To identify whether significant differences exist between the two models built using thirteen key points and five key points with statistical support, paired t tests with a two-tailed test are performed. The null hypothesis (

H_{0}

) and alternative hypothesis (

H_{a}

) are defined as

\{\begin{matrix} H_{0} : μ_{d} = 0 \\ H_{a} : μ_{d} \neq 0 \end{matrix}

(11)

where

μ_{d}

is the average of

{d_{j} |j = 1,2, \dots, k}

and

d_{j}

is the deviation between the two accuracy indicators of the two models in the jth cross-validation run.

Since PTS level labels are an ordinal scale rather than a nominal scale, the above metrics are computed in a binary method when experiments are performed. That is, we take the predicted label of an independent test instance as level 1 when our models give labels 1 or 2 to discriminate the level degree between 0 and those greater than or equal to 1. Next, the predicted label is regarded as 0 when our models output labels 0 or 1.

2.5. Implementation Details

The details of the implementation steps in the proposed method are given as following steps. Note that the PTS level labels of the videos have been annotated by PTs.
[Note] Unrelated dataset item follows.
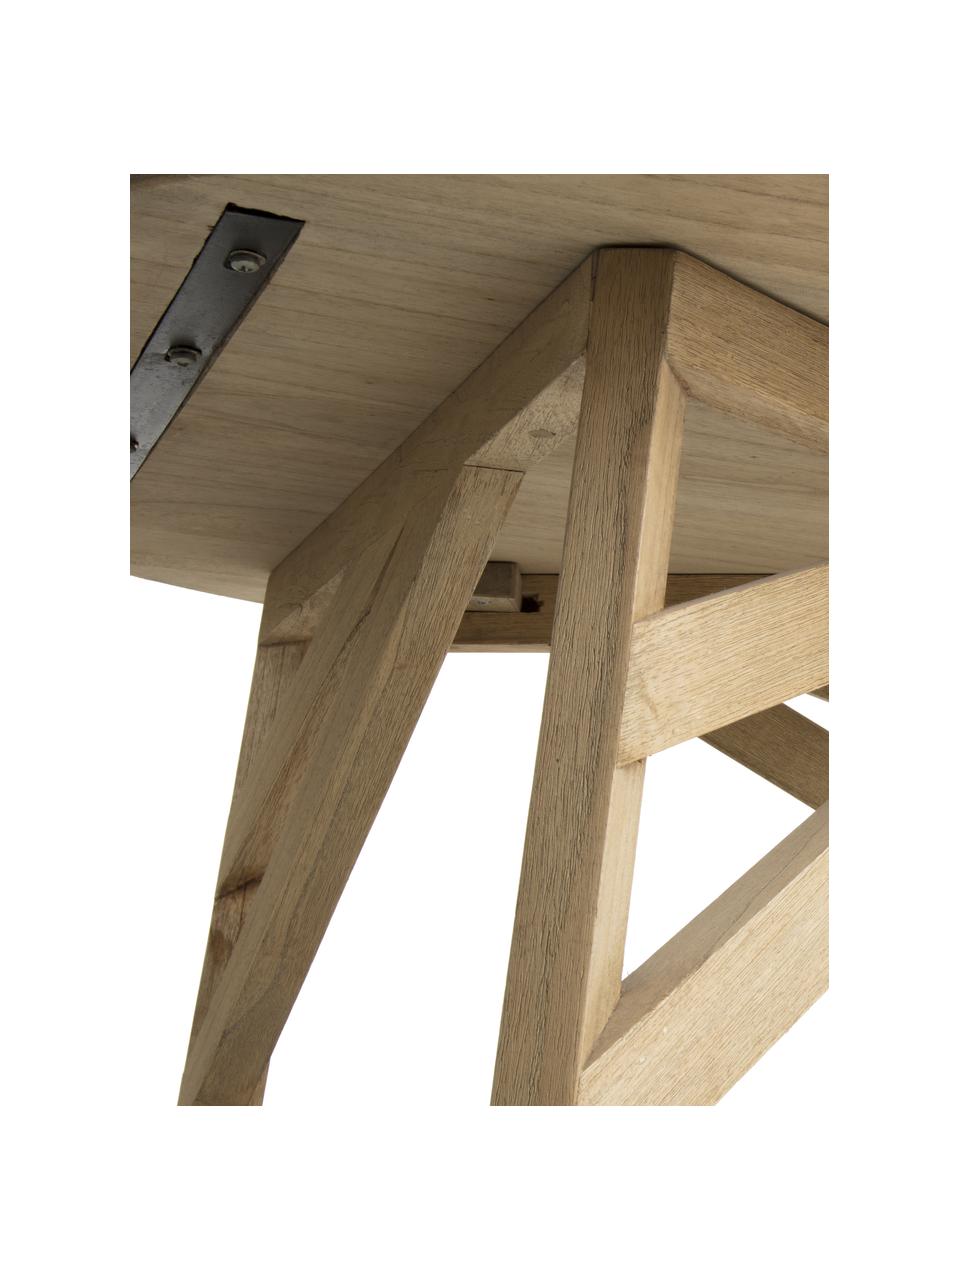 Table basse ronde en bois Tenda, Margousier, Beige, Ø 60 cm

Step 1. Python’s OpenCV package, named cv2, is used to capture all videos into image frames.
Step 2. The video frame numbers are standardized by removing some or all even image frames, where the standard number is the minimum frame number in all videos.
Step 3. The Deep-Dual-Consecutive Network (DcPose) [34] is employed to retrieve 2D skeleton key points of infants from image frames.
Step 4. EvoSkeleton [35] is adopted to infer the 3D skeleton key points of the 2D key points.
Step 5. The 3D skeleton key points ae rotated into the required visual angles for an assessment using Equation (1).
Step 6. The rotated 3D skeleton key points are projected onto the XY plane to retrieve new 2D skeleton key points by removing the Z-axis data.
Step 7. The x and y coordinates of the new 2D skeleton key points are normalized into 0 and 1 using Equation (2).

The above seven steps are data preprocessing. Next, the videos are separated into a training set and a testing set using stratified-fold cross-validation. The training process is described as follows:

Step 8. The training set is separated into three subsets according to the PTS levels 0, 1, and 3.
Step 9. For each PTS level label, x and y fuzzy MFs are built for thirteen skeleton key points using Equations (3) and (4). This will result in three PTS level models, each of which has 26 MF sets.

After Step 9, the model training is complete. The steps in the testing process are described as follows:

Step 10. For each testing instance, the final possibilities (fps) are computed in the three PTS level models using Equations (5)–(7).
Step 11. The TPS level labels of the testing instances are determined by their maximum fp.
Step 12. The accuracy, sensitivity, specificity, and kappa evaluation metrics for the testing result are calculated using Equations (8)–(10) and the “cohen_kappa_score” function in the “sklearn” package.
Step 13. Steps 8 to 12 are repeated until a five-fold stratified cross-validation is performed.

3. Results

In our data, the profiles of 41 infants are summarized in Table 1. Thirty-seven of the 41 infants were preterm infants. The mean birth body weight was 1735 g, and the mean birth gestational age was 31.7 weeks. The mean age while filming was a corrected age of 4.8 months old. There was 1 infant diagnosed with cerebral palsy and 7 infants with gross development delay status. A total of 270 videos were collected for analysis, and 84, 106, and 80 videos were labeled “level 0,” “level 1,” and “level 3,” respectively.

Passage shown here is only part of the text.